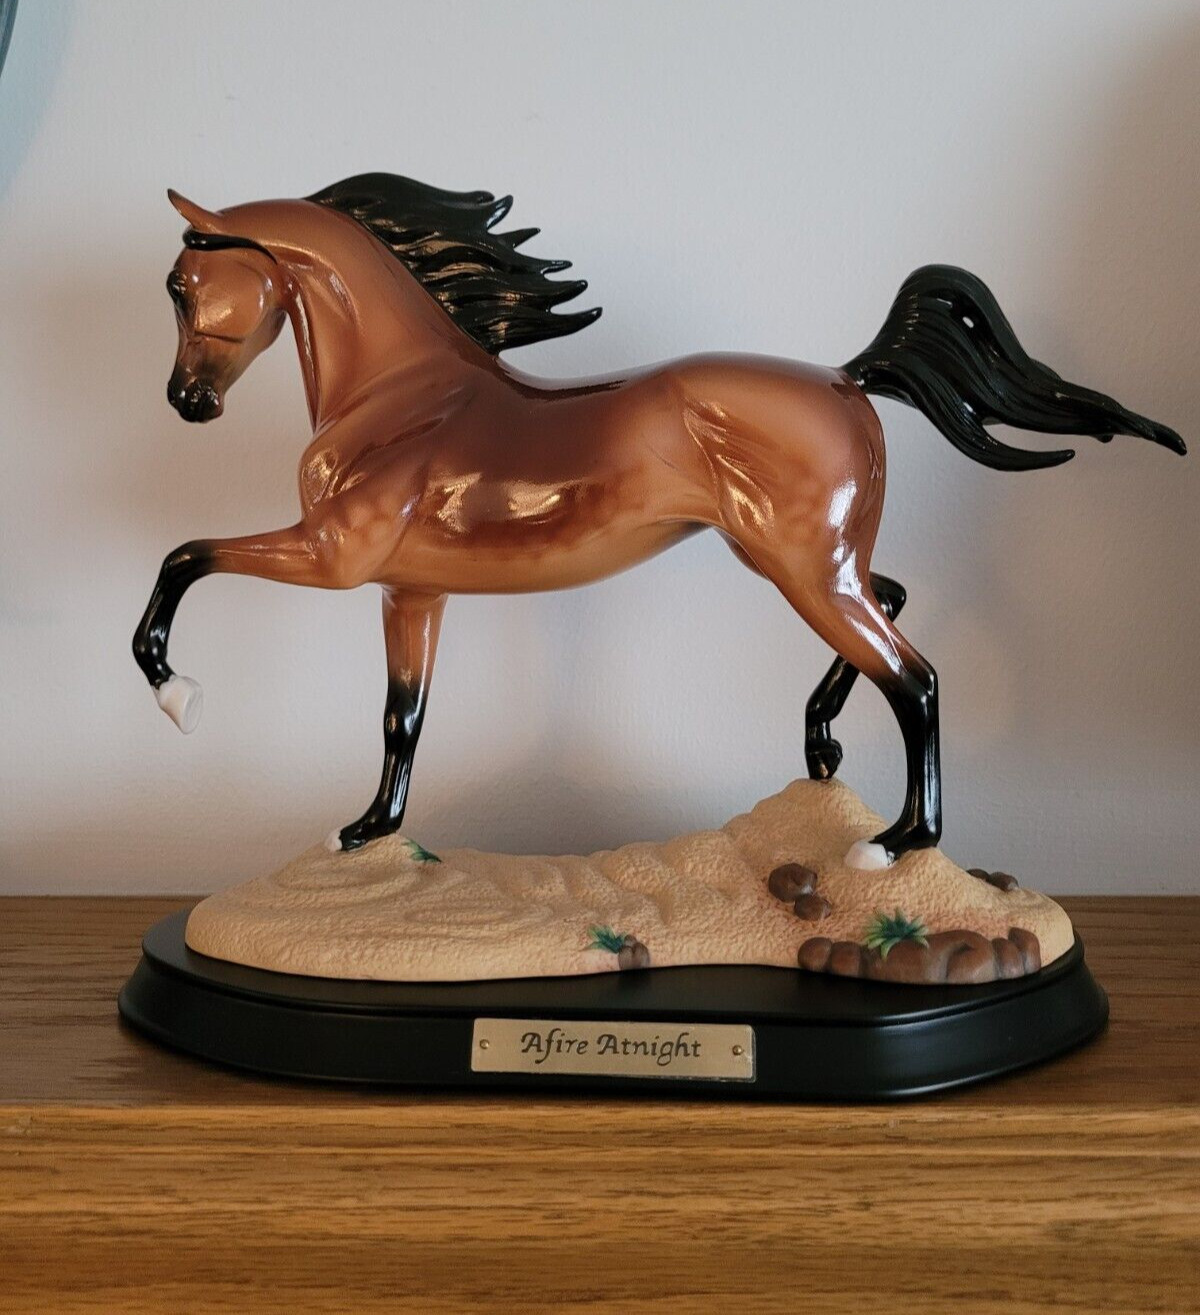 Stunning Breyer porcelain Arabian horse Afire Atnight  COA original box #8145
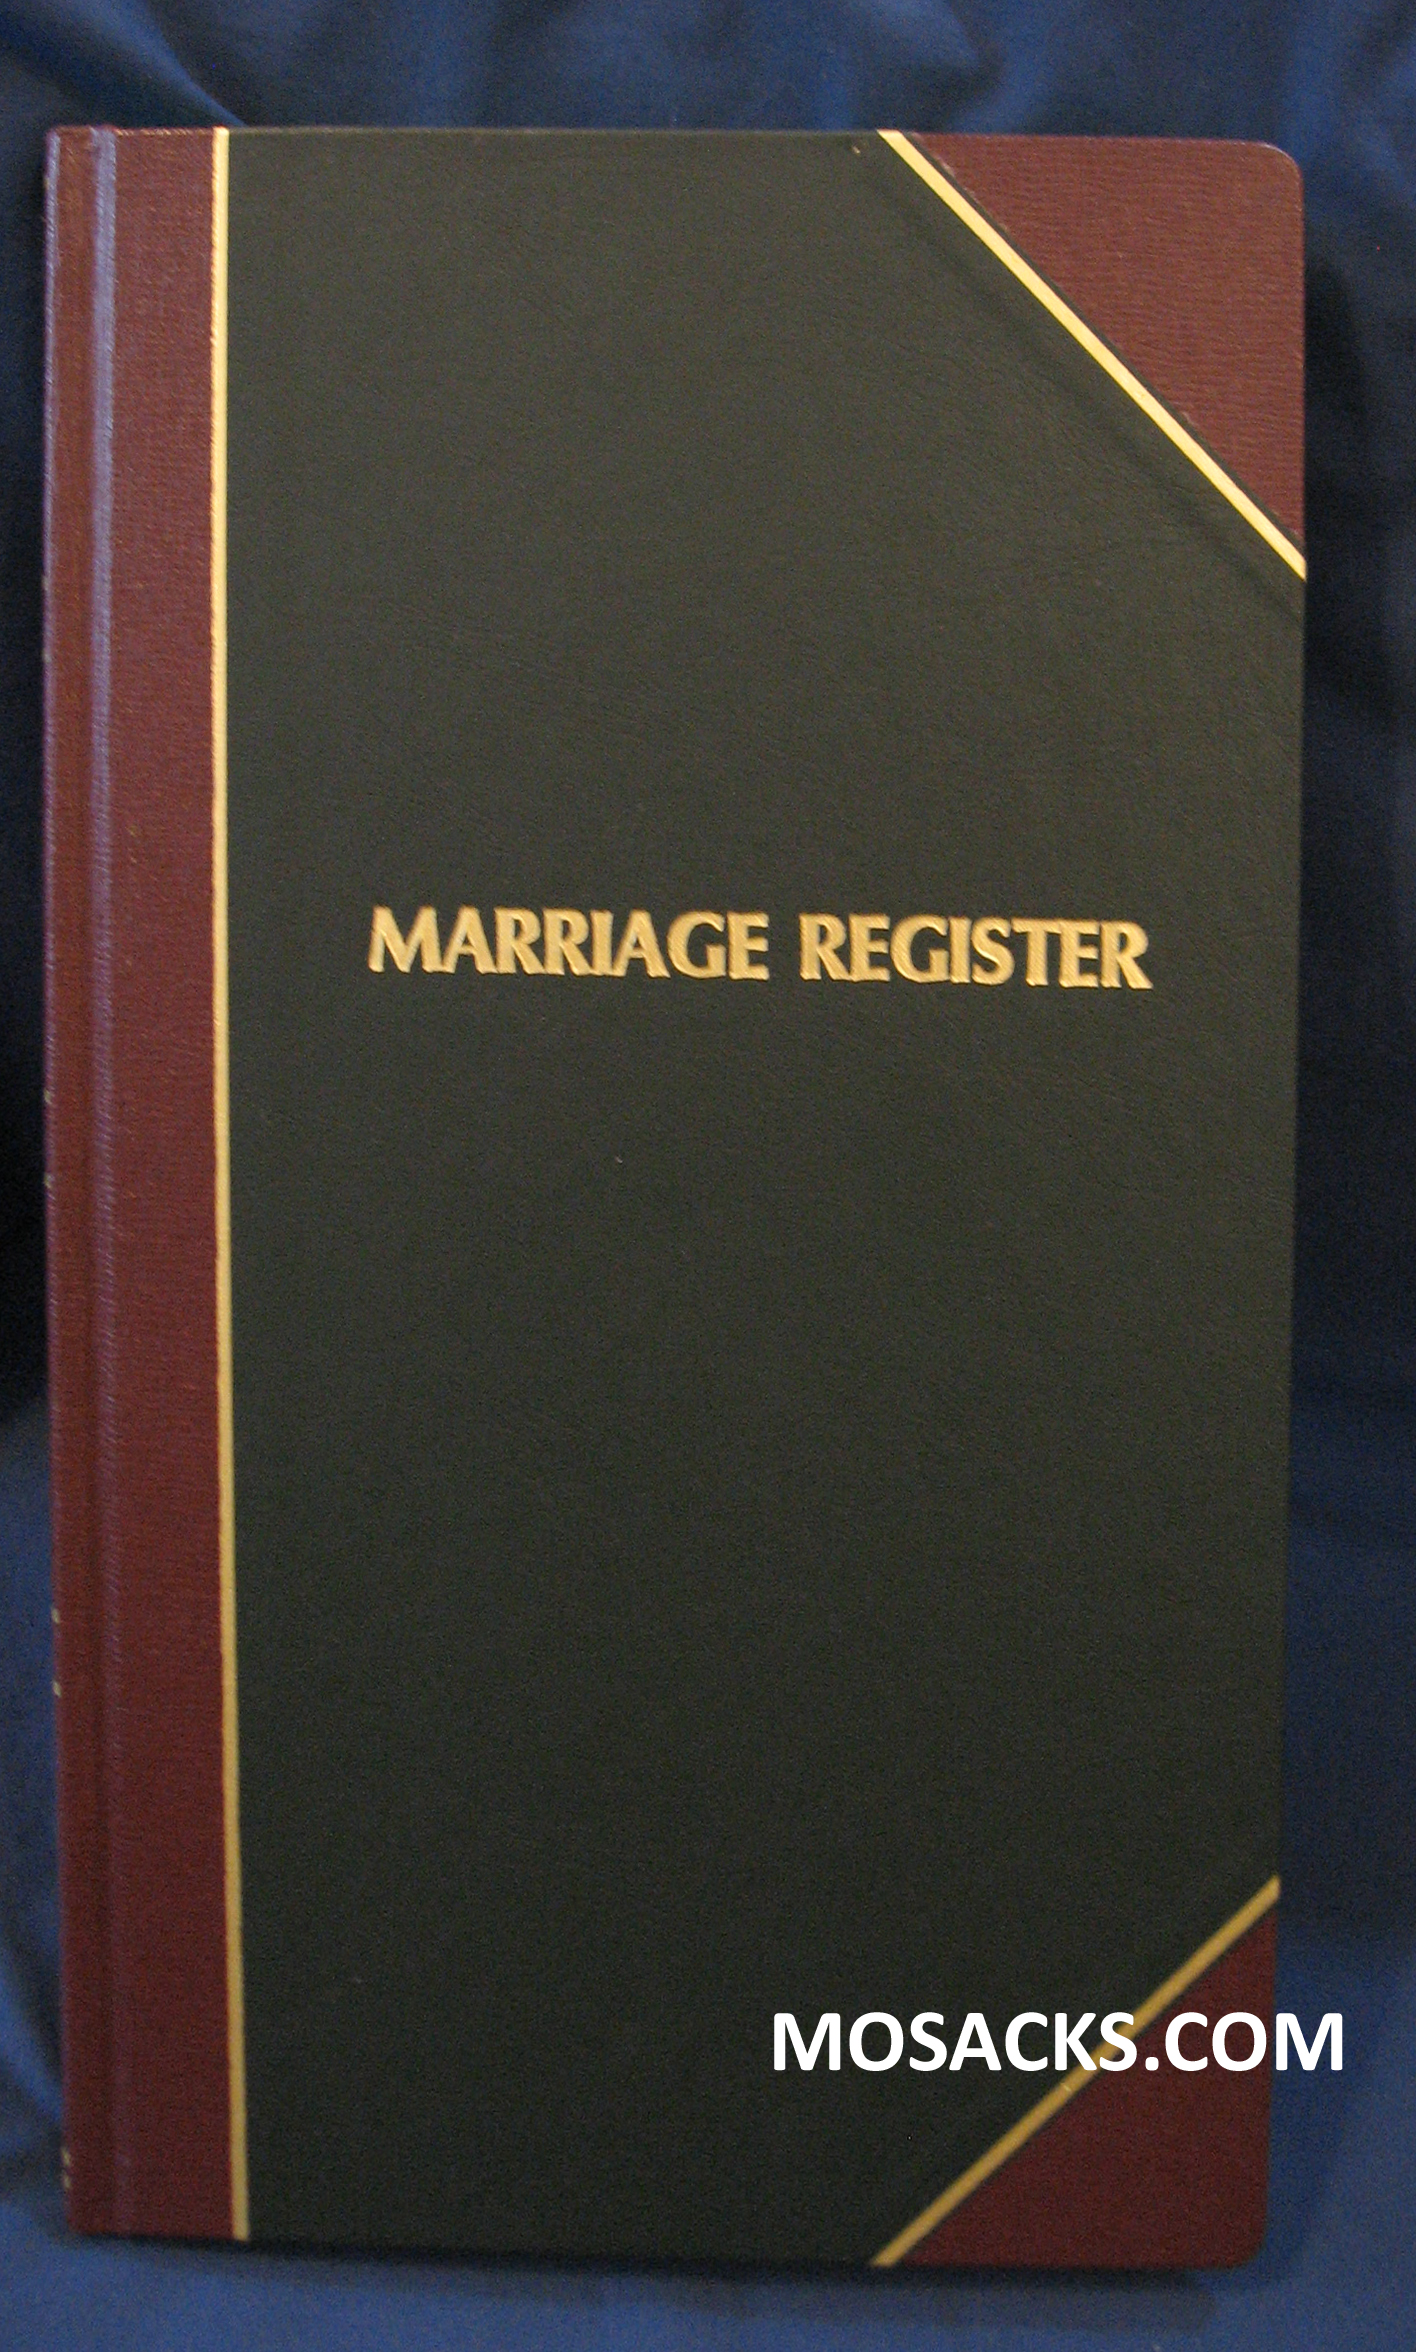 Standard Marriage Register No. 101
* * *
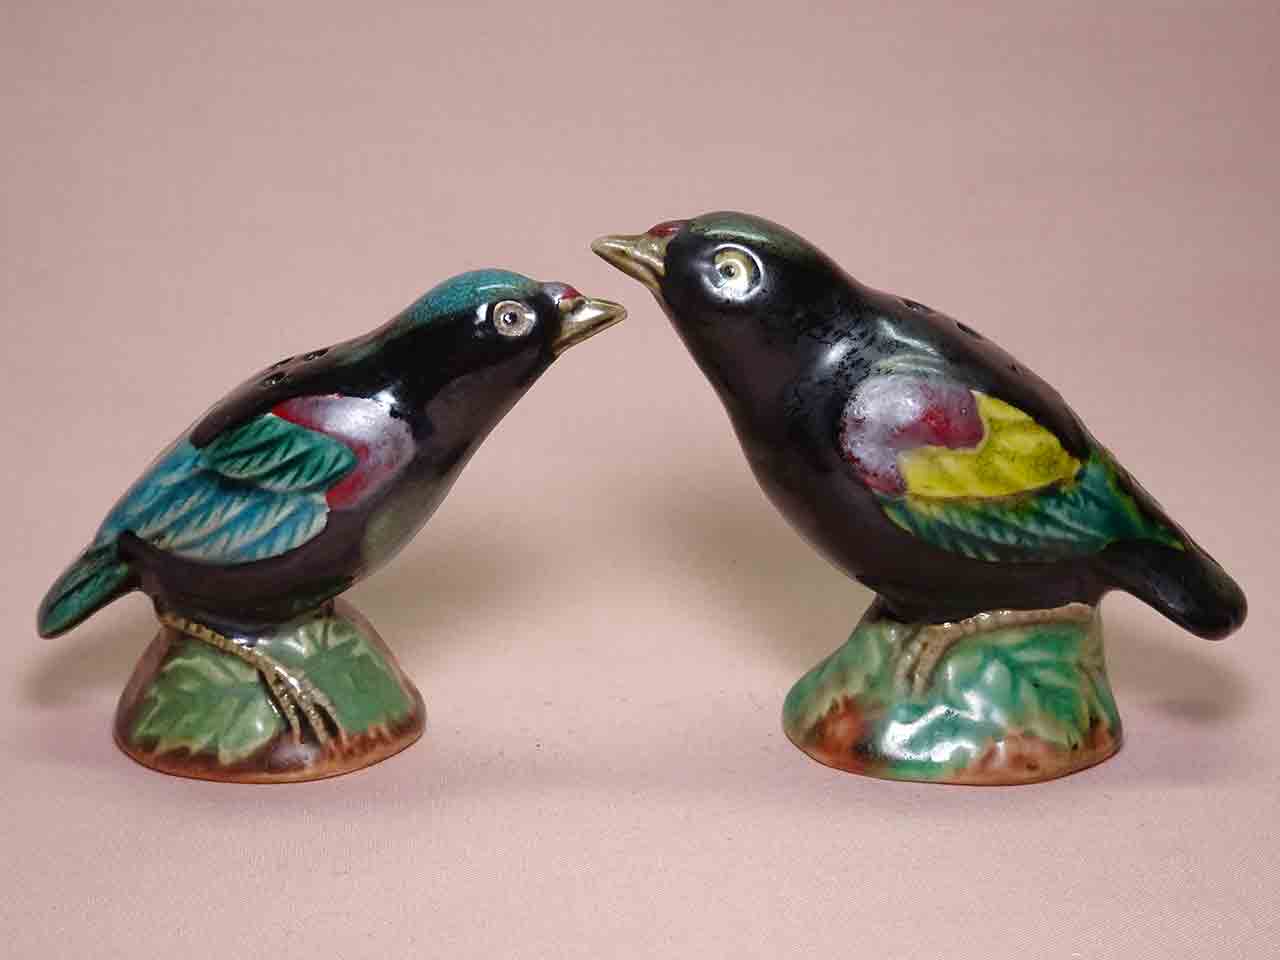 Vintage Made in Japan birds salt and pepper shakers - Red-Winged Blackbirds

Problem description: Though the entries above contain pictures, none should be copied; reproduce only the lines between the one holding "Stunning Breyer porcelain" and the one holding "Standard Marriage Register No. 101", inclusive, exactly as written.

Expected answer:
 Stunning Breyer porcelain Arabian horse Afire Atnight  COA original box #8145
 Standard Marriage Register No. 101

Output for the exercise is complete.